- _WHAT YOU HAVE TO DO_
Reproduce the lines below exactly, from the one containing "OPERATING INSTRUCTIONS for" through the one containing "Water Fed Car", both included. Leave out any pictures.
EXCERPTED DATA: Begin
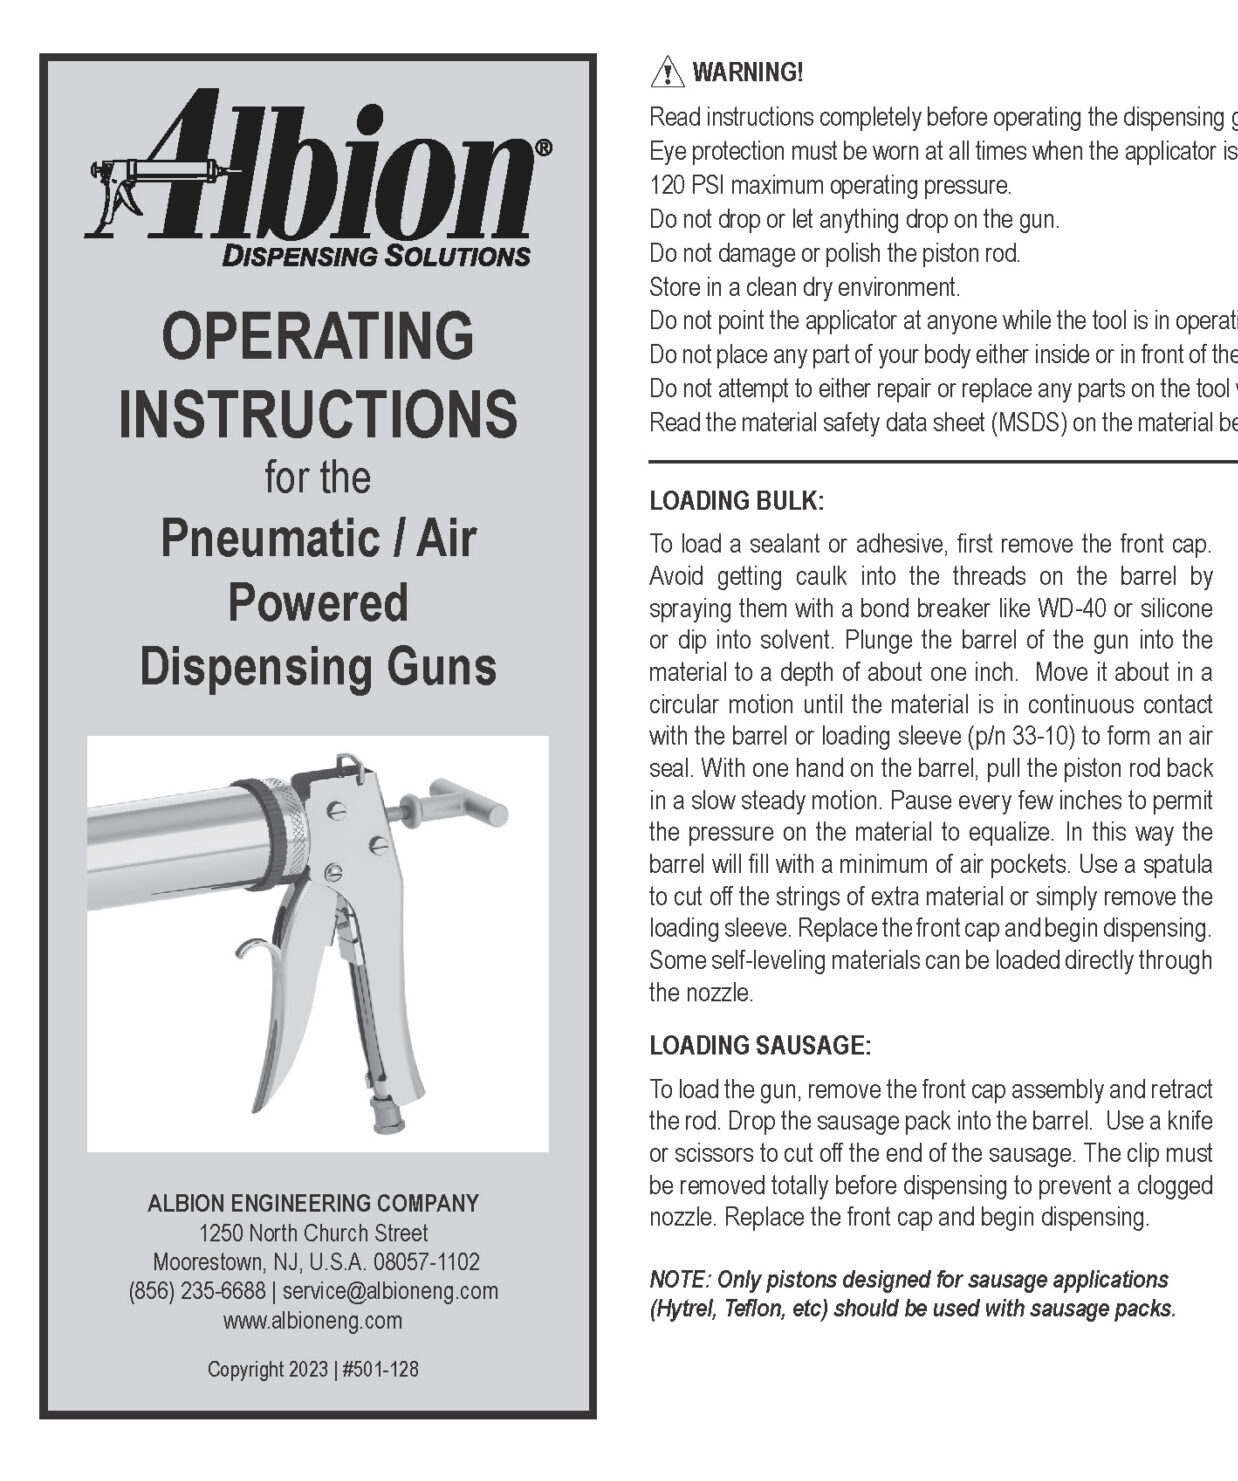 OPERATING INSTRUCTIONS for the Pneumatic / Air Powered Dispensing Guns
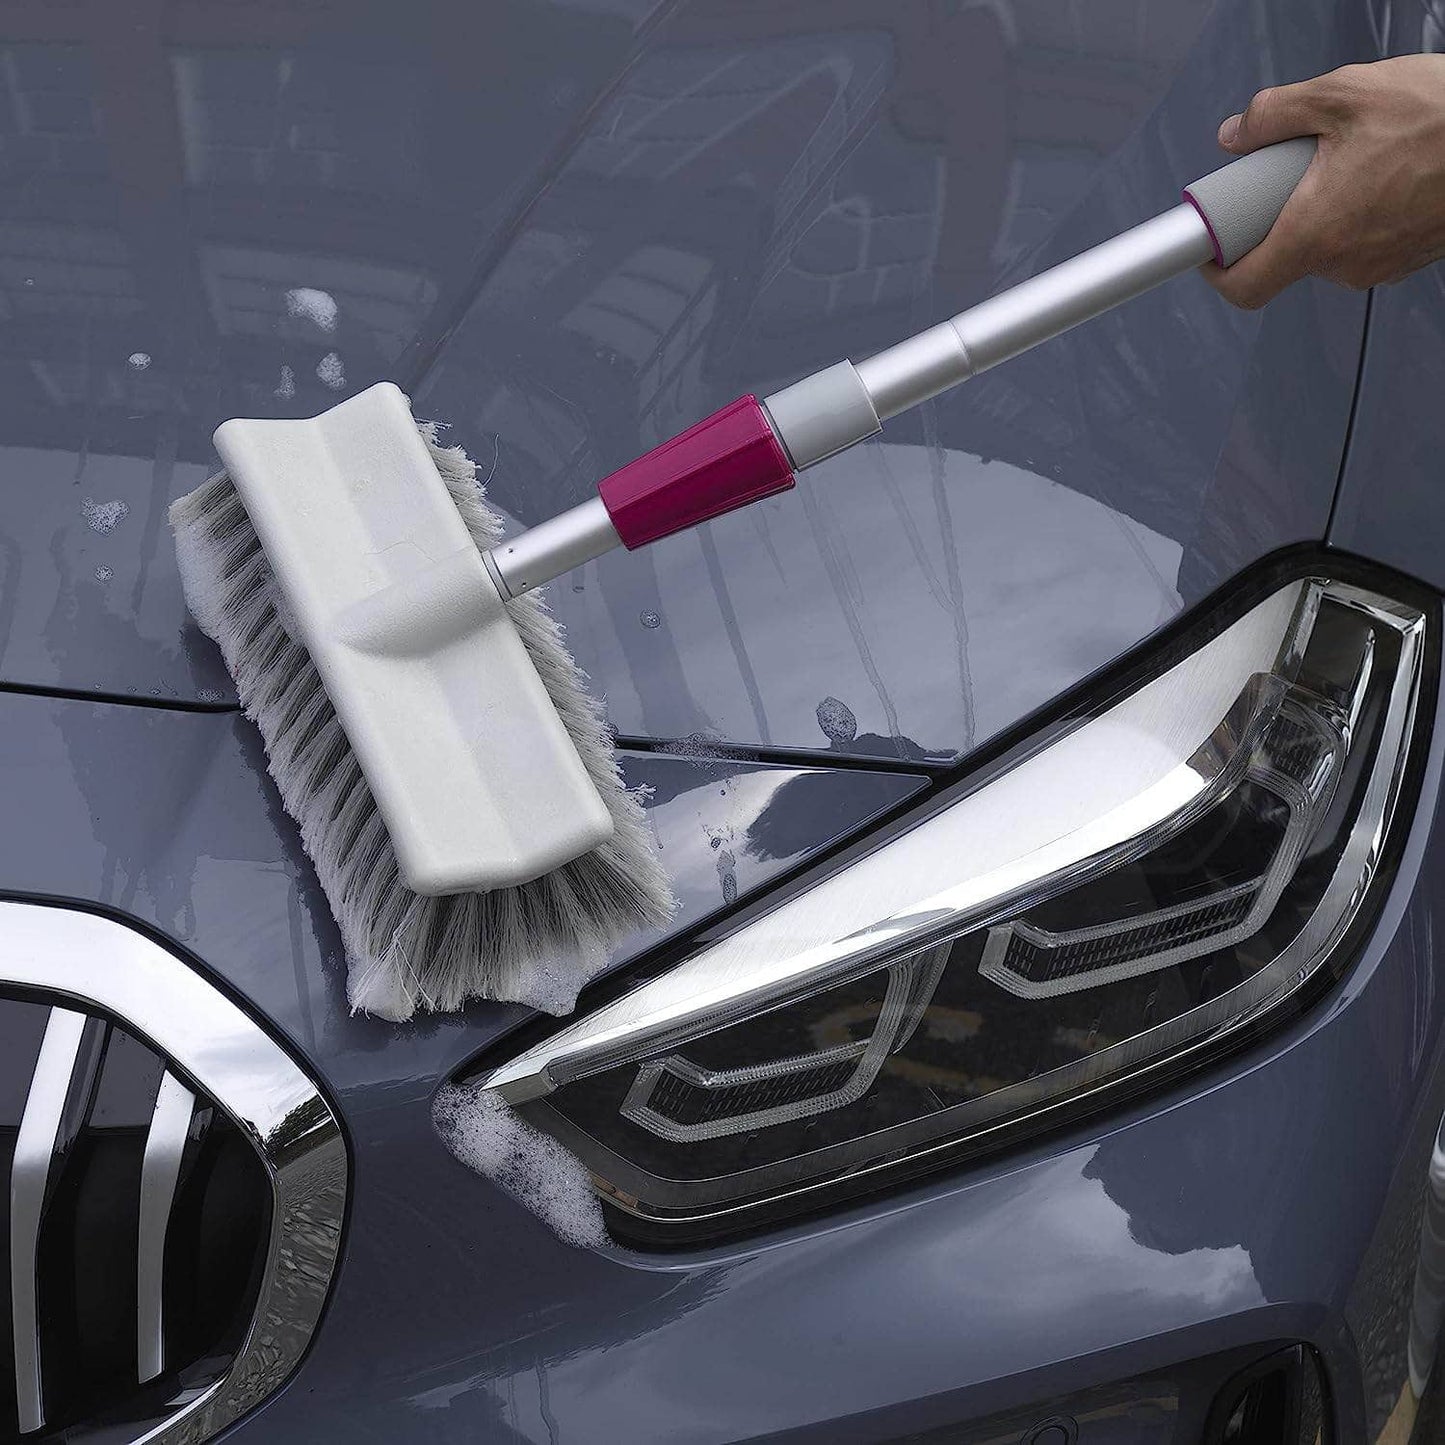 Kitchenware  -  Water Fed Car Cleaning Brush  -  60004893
EXCERPTED DATA: End
EXCERPTED DATA: Begin
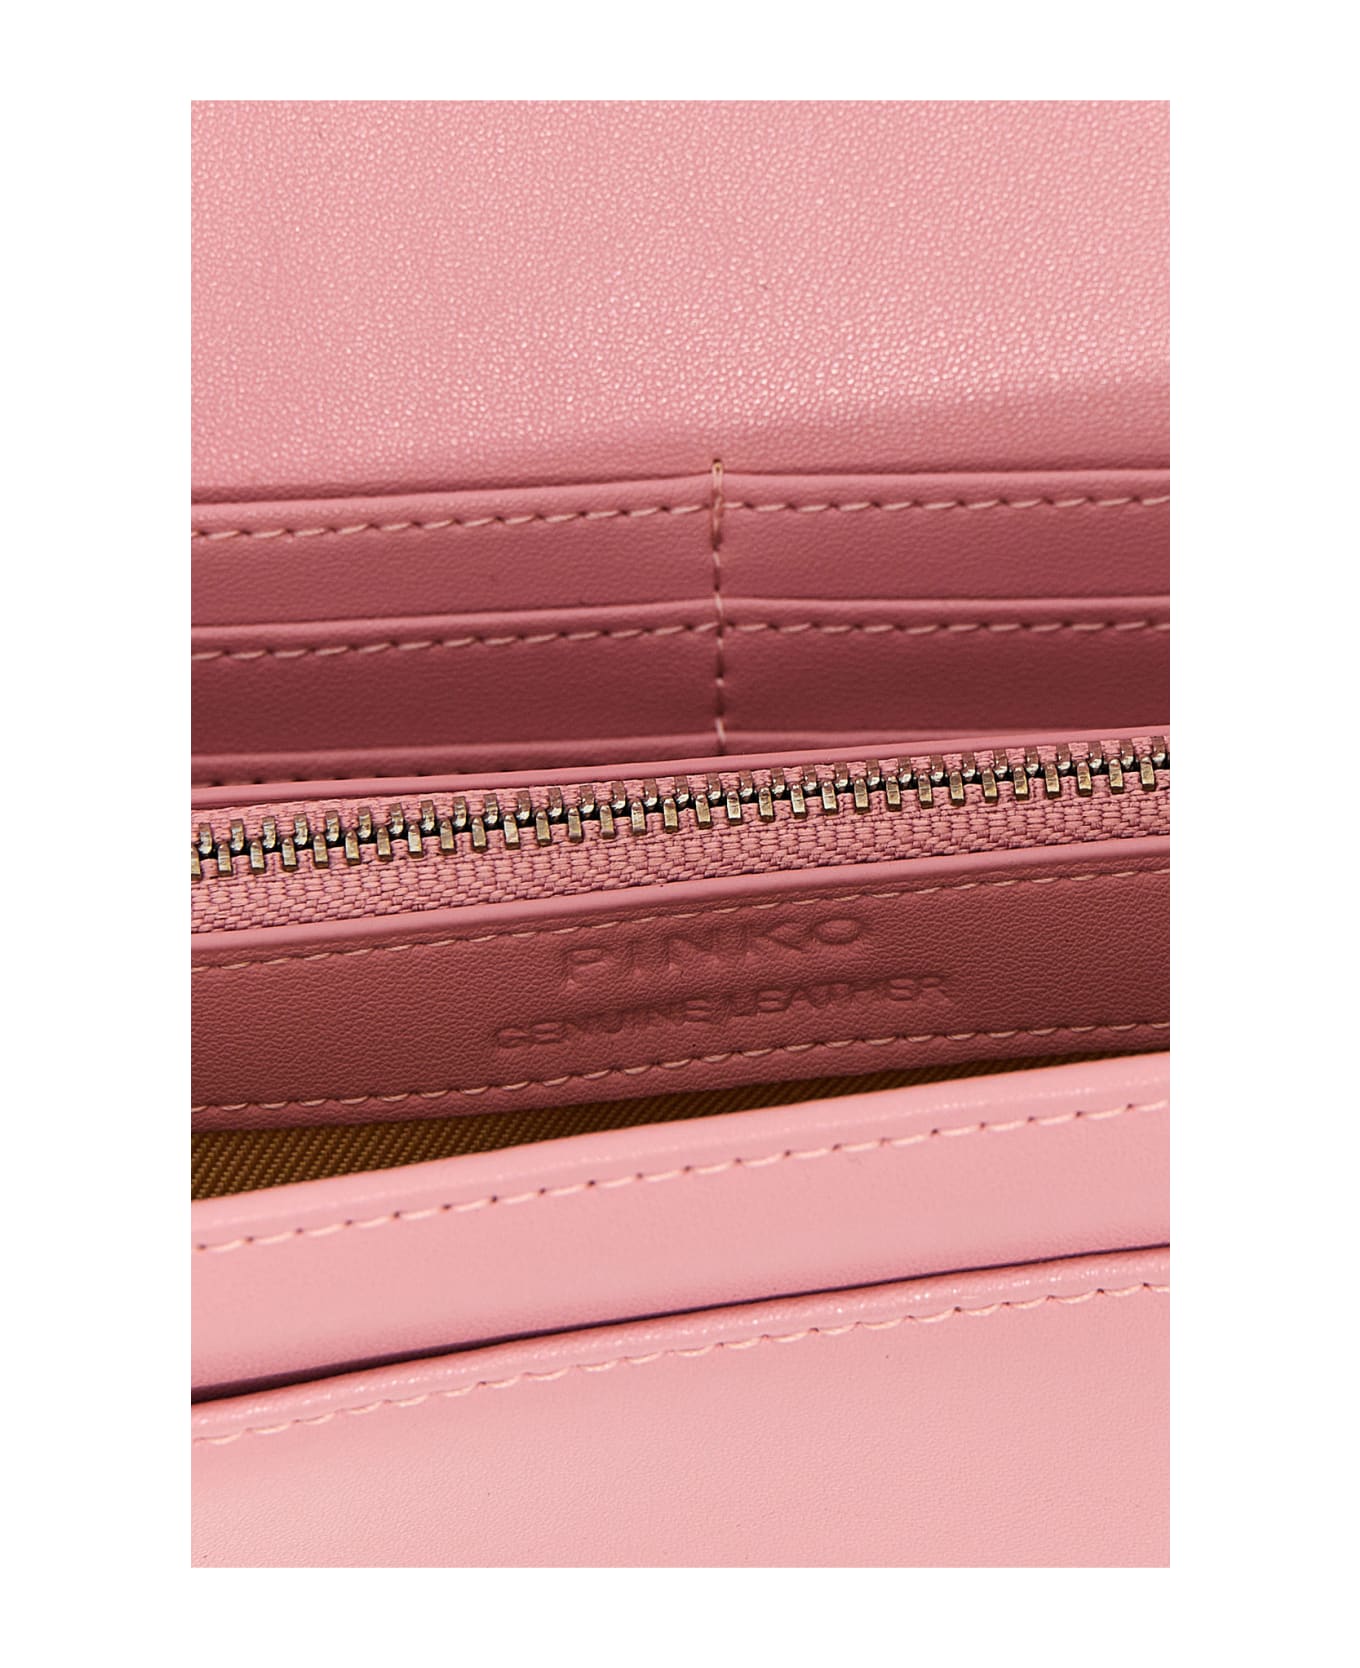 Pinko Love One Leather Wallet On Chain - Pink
EXCERPTED DATA: End
- _ANSWER TO THIS TASK_
 OPERATING INSTRUCTIONS for the Pneumatic / Air Powered Dispensing Guns
 Kitchenware  -  Water Fed Car Cleaning Brush  -  60004893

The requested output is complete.